現在、古民具の裁板をミシン台に作り替えるリメイクを急いで進めているのですが、その工程で箱状に木材を組んだので今回はそれについてご紹介します。


木材を組んで箱状にするには色々な方法があります。

一番簡単なのは木材の組み立てたい箇所にボンドを塗って接着してしまうことでしょう。
同じ様にボンドを使って貼り付ける場合も、留(とめ)といって斜め45度に材料を切って貼り合わせれば、木材の断面が表に現れない為、より綺麗に接着することができます。

それより強度が必要だったら釘や木ねじ(ビス)で組むこともできます。
釘やビスで固定すると表に釘やビスの頭が見えてしまいますので、それでは見栄えが悪いということで埋木(うめき)といって上から栓をしてビスの頭を隠してしまうこともできます。

ビスを使わず組むのであれば、円柱状の木材を接着面に挟み込んでからボンドで接着するダボを用いた方法、雇い実(やといざね)を用いた方法等が手軽です。

手軽さでは劣るかもしれませんが、昔から世界各国で使われてきた方法もあります。
それはほぞとほぞ穴やあられ組などといった仕口を板に作り、接着剤を併用して組み立てる方法です。

今回は蟻組という組手で箱を組みました。
この組み手は英語だとdovetailと呼ばれたりします。

以下が仕口(木を組合わせる箇所の細工)の写真です。




この材料は、もともとお持ち込み頂いた裁板の天板の一部から製材して取り出しました。
(本来は全部同じ材料で組みたかったのですが、材料がそこから取れず予算の関係もあり見えにくい部分一枚だけ白い材料になっています)



これを既存の引き出しの上に乗せ、接着して固定する関係で通常の組み方とはちょっと変わった形になっています。
完成した際にこの箱がどこに入るかも紹介できればと思います。

今回はLEIGHというメーカーのD4Rという治具とルーターを用いて加工してみました。
海外のFinewoodworkingという木工雑誌でも一番の評価を受けていた治具で、調整がきちんとできると精度の高い加工が可能です。
日本ではオフコーポレーションというショッピングサイト等で買うことができます。


最後に、木組みについてもっと知りたいという方向けに以下の本二冊をご紹介します。

まずは「木組み・継手と組み手の技法」という本です。
写真が豊富で、サイズも大きくカラフルで読みやすいです。

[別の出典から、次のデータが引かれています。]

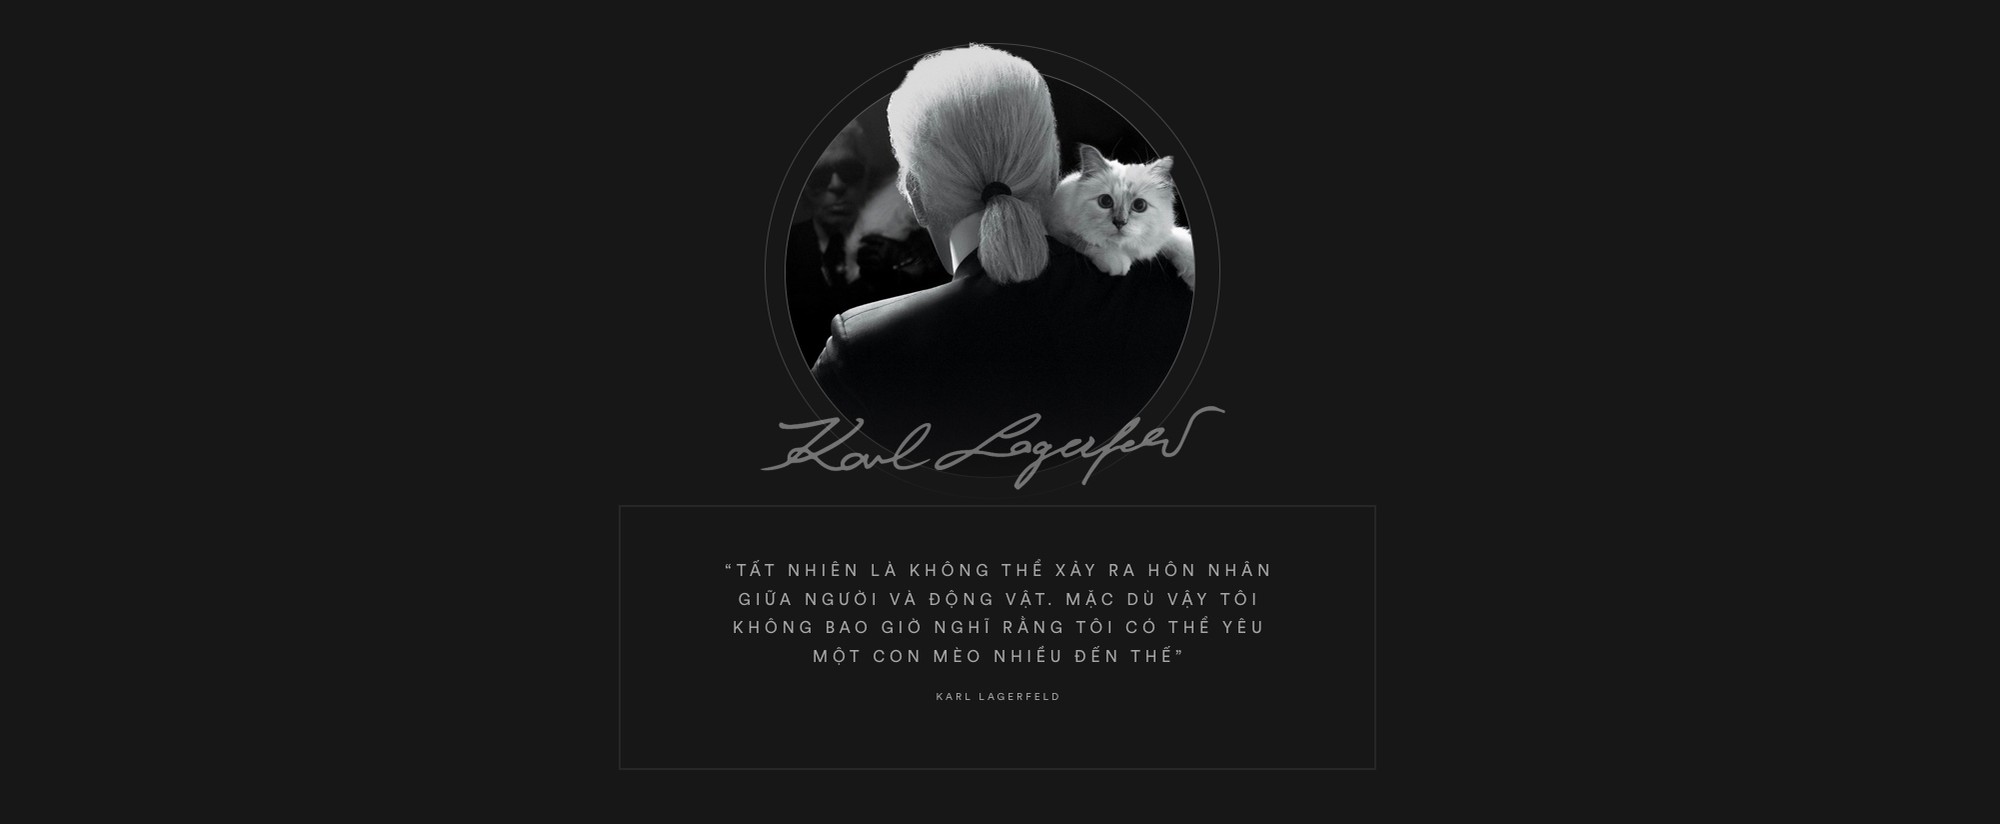 Karl Lagerfeld: 85 năm cuộc đời chỉ gắn liền với hai chữ, vài người đàn ông và một chú mèo - Ảnh 15.
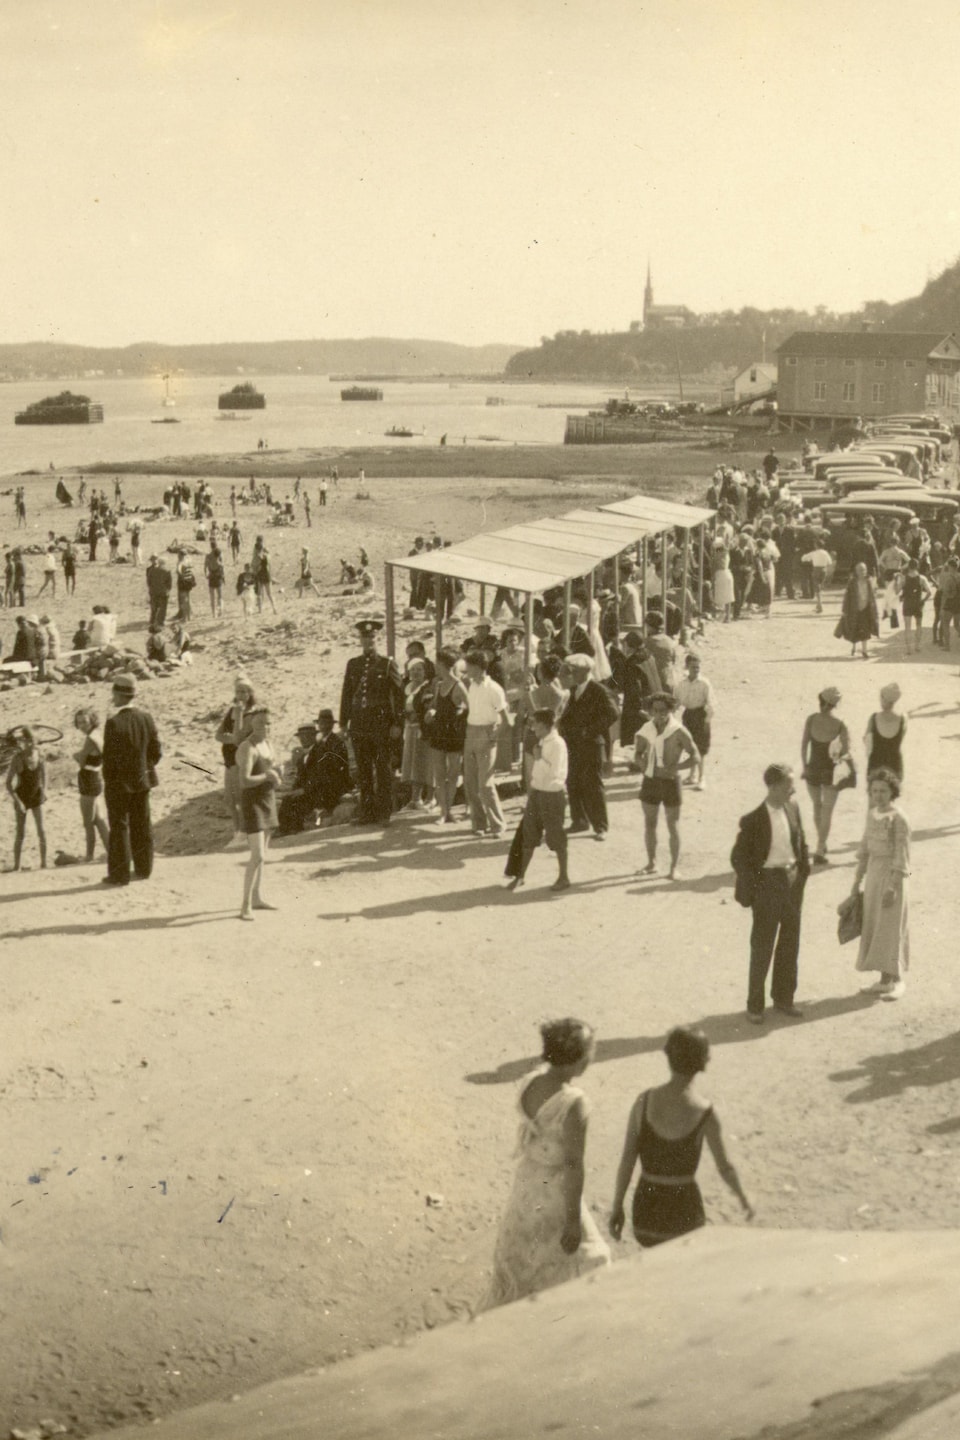 Vue panoramique de la plage de l'anse au Foulon en 1934.

建築で用いる木組みから後半では建具の組み手まで満遍なく載っています。
当店の工房にもありますが、読みやすいので作業の合間や休憩の際に手に取って読んでいます。



次にこの本ですが、こちらは上の本に比べればサンプル数も少なく白黒で少し取っ付きにくいところがあるかもしれません。
しかしほぞの度試験の結果写真やそれについての考察などもあり、隠し口の利点や欠点がよくわかります。こちらもかなり興味深い内容です。